With respect to the metal hydroxide represented by the general formula (1), M representing the metal element in the formula (1) is A
1, Mg, Ca, Ni, Co, Sn, Zn, Cu, F
e, Ti, B and the like.

As a specific representative example of the metal hydroxide represented by the above formula (1), Al ₂ O ₃ .cH ₂ O (0 <c
≦ 3), MgO · cH ₂ O (0 <c ≦ 1), CaO · c
H ₂ O (0 <c ≦ 1), Ni _b O · cH ₂ O (0.5 <
b ≦ 2, 0 <c ≦ 2, CoO _b · cH ₂ O (1 ≦ b ≦
2,0 <c ≦ 2), PbO _b .cH ₂ O (0.5 ≦ b ≦
2, 0 <c ≦ 2), SnO _b .cH ₂ O (1 ≦ b ≦ 2)
0 <c ≦ 2), ZnO · cH ₂ O (0 <c ≦ 1), Fe
O _b · cH ₂ O (1 ≦ b ≦ 1.5, 0.5 ≦ c ≦ 1.
5), CuO _b .cH ₂ O (0.5 ≦ b ≦ 1, 0 <c ≦
1) and the like. These are used in combination of two or more. In particular, when two or more kinds are used together, it is also effective to use them by mechanically mixing them.

Among the metal hydroxides represented by the general formula (1), a metal hydroxide having a large endothermic energy upon dehydration per unit weight is preferably used. further,
Since it is preferable to use a material that generates endothermicity due to dehydration near the decomposition temperature of the thermosetting resin, MgO · cH ₂ O (0 <c
≦ 1), it is particularly preferable to use Al ₂ O ₃ .cH ₂ O (0 <c ≦ 3).

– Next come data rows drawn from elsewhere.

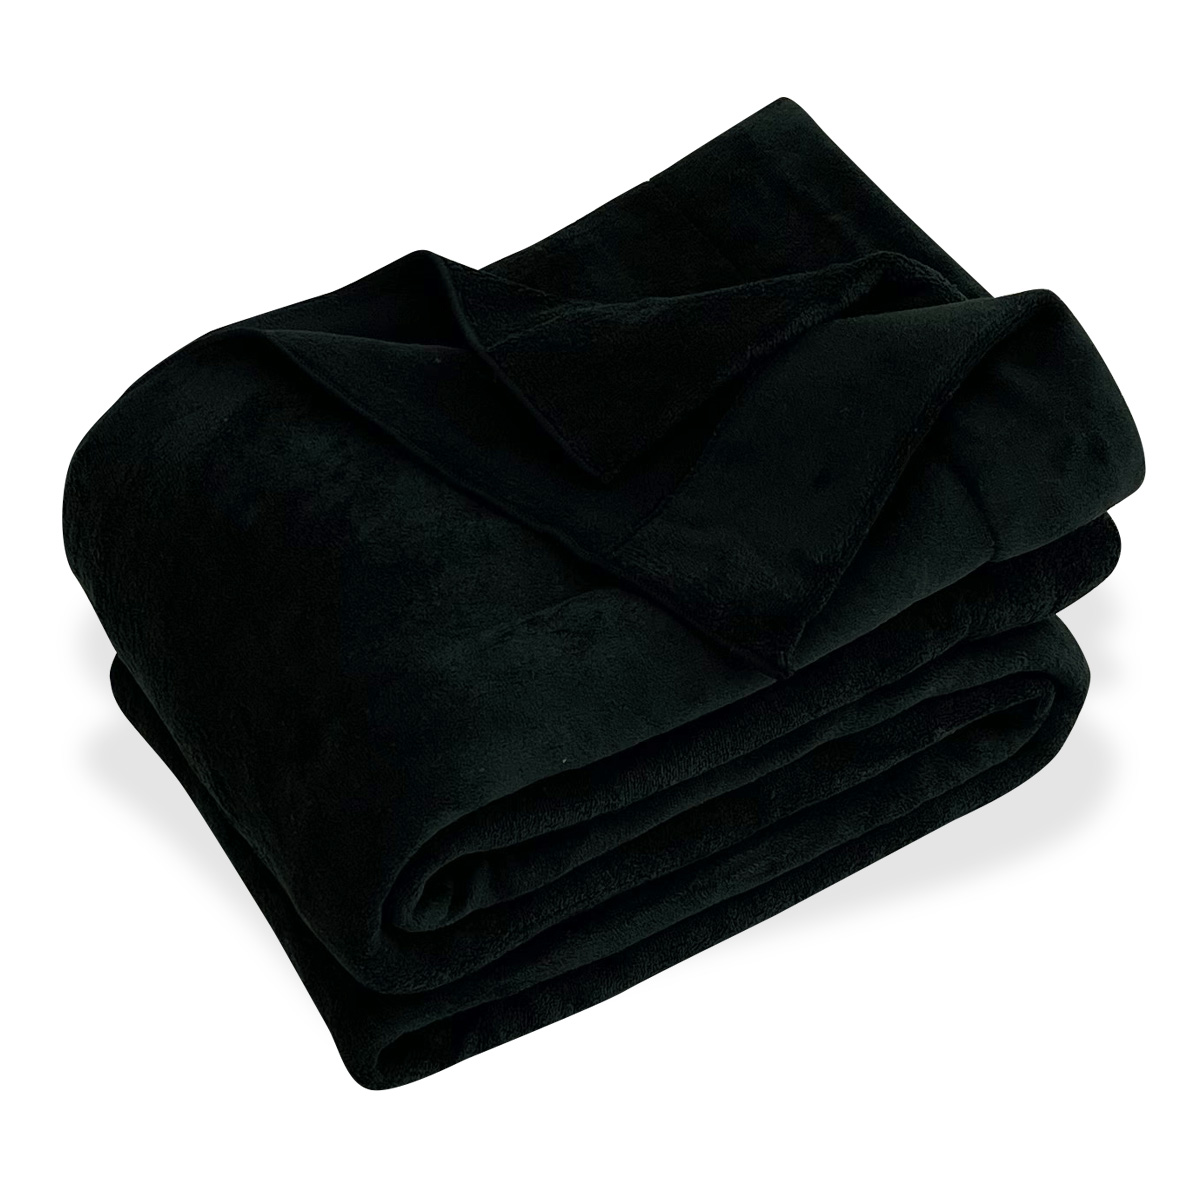 オールシーズン使える シャーリングケット ダブルサイズ ブランケット タオルケット 吸水速乾 毛布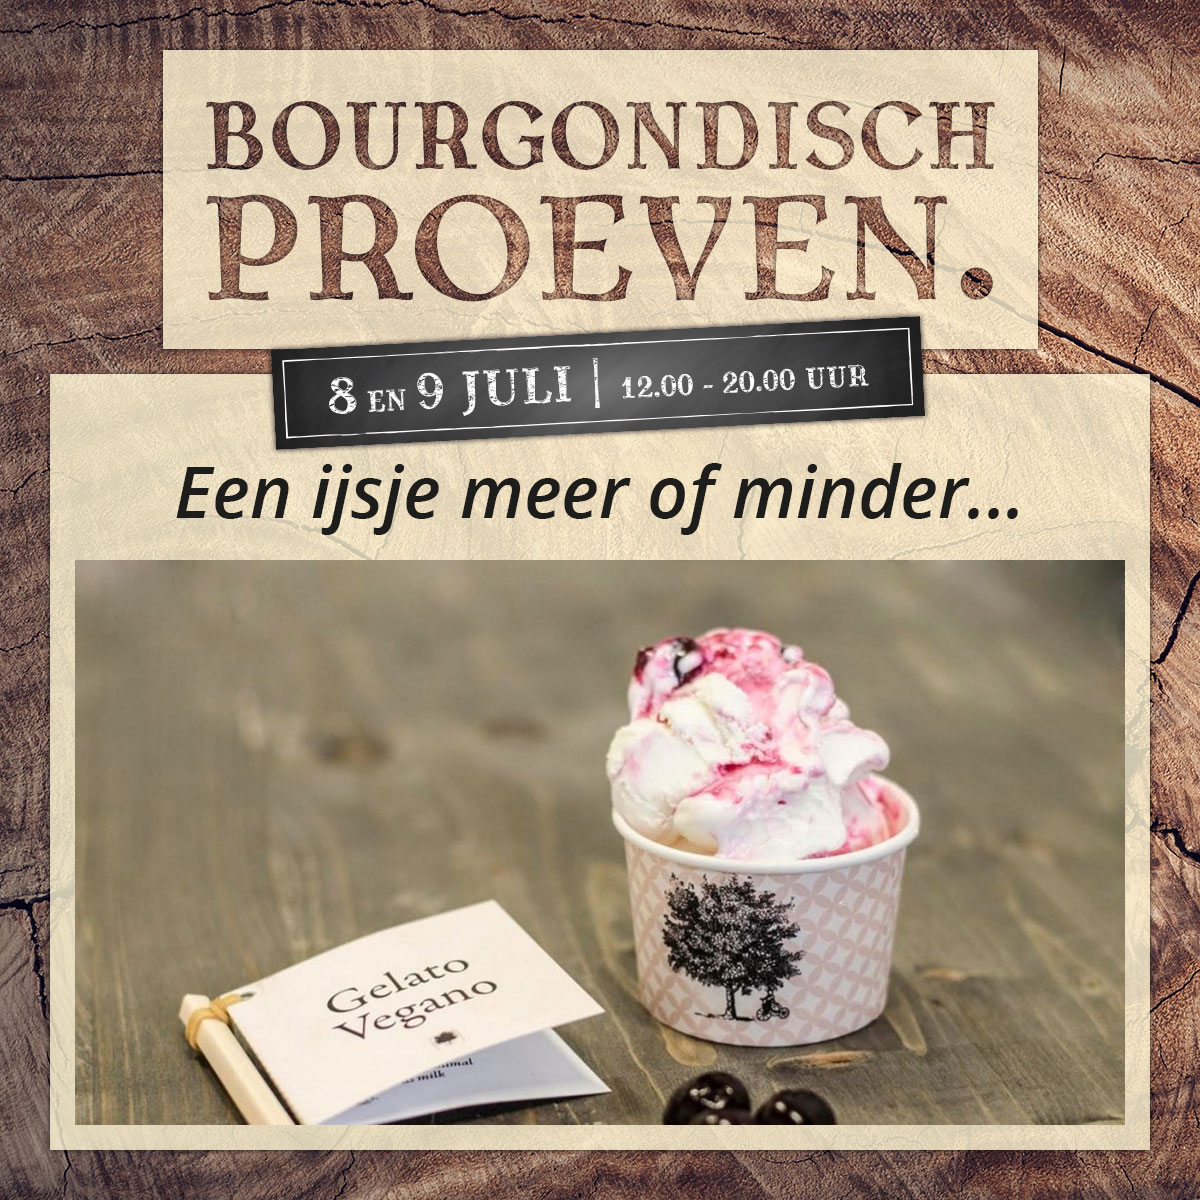 De Bourgondiër – Bourgondisch Proeven. – Facebookbericht – Een-ijsje-meer-of-minder…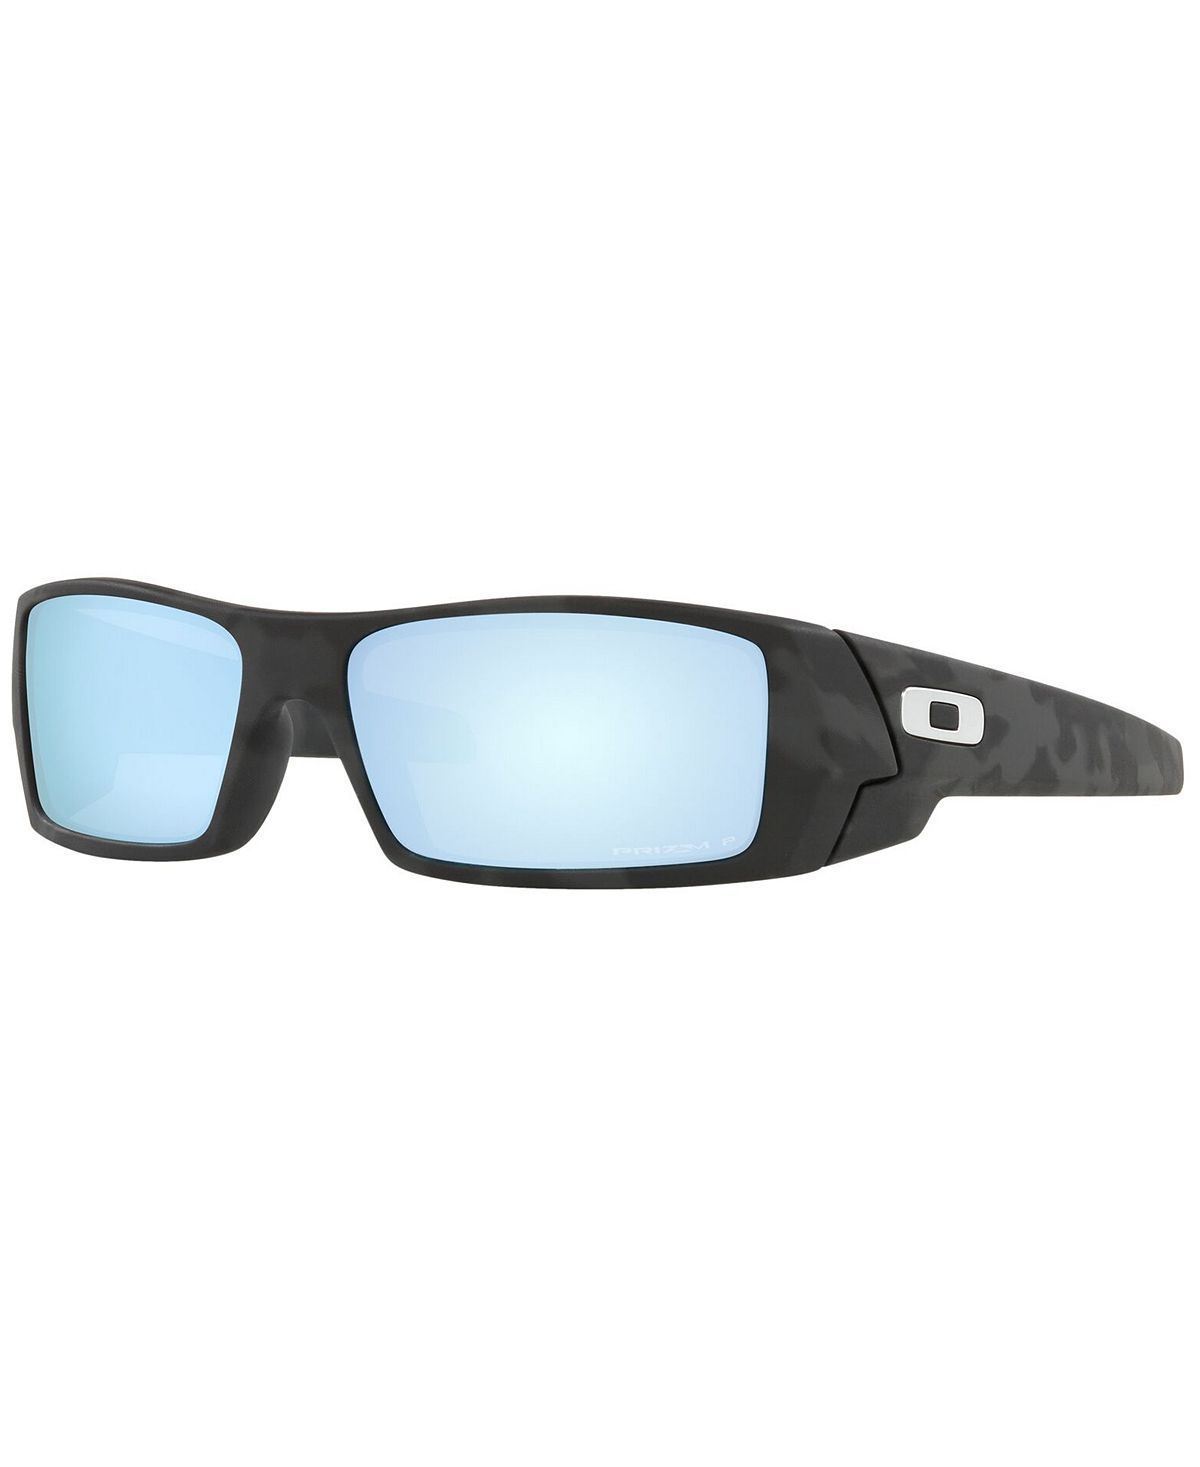 Мужские поляризованные солнцезащитные очки Gascan, OO9014 60 Oakley

In the thermal properties of the metal hydroxide represented by the general formula (1), the dehydration start temperature is preferably 200 ° C. or higher. Particularly preferably, the dehydration start temperature is 26.
0 ° C or higher. Incidentally, the dehydration start temperature,
This is a value measured at a heating rate of 10 ° C./min by a thermogravimetric method (measured in the atmosphere) using a thermobalance, and the temperature when the weight loss on heating reaches 5% by weight, and the differential weight loss on heating ( The value obtained by linearly differentiating the heating weight loss with time, that is, the heating weight loss rate) exceeds 0.5% by weight / min, whichever is lower.

Specific representative examples of the silicone compound represented by the general formula (2) include dimethyl silicone oil (SH200, manufactured by Dow Corning Toray Co., Ltd.) and OH silicone oil at both ends (PRX-413; Dow Corning), methylphenyl silicone oil (SH510, manufactured by Dow Corning Toray), methyl hydrogen silicone oil (SH1107, manufactured by Toray
Dow Corning), polyether-modified silicone oil (BY16-005, Dow Corning Toray), alcohol-modified silicone oil (BY16-8)
48, Dow Corning Toray), amino-modified silicone oil (BY16-828, Dow Corning Toray), epoxy-modified silicone oil (SF841)
1, BY16-839, manufactured by Dow Corning Toray),
Carboxy-modified silicone oil (SF8418, BY
16-750, manufactured by Dow Corning Toray), mercapto-modified silicone oil (BY16-838, manufactured by Dow Corning Toray), and the like. These may be used alone or in combination of two or more. Above all, a silicone compound having a functional group such as an OH group or an H group is preferably used because it reacts and adheres to the surface of the metal hydroxide to form a strong water-repellent film.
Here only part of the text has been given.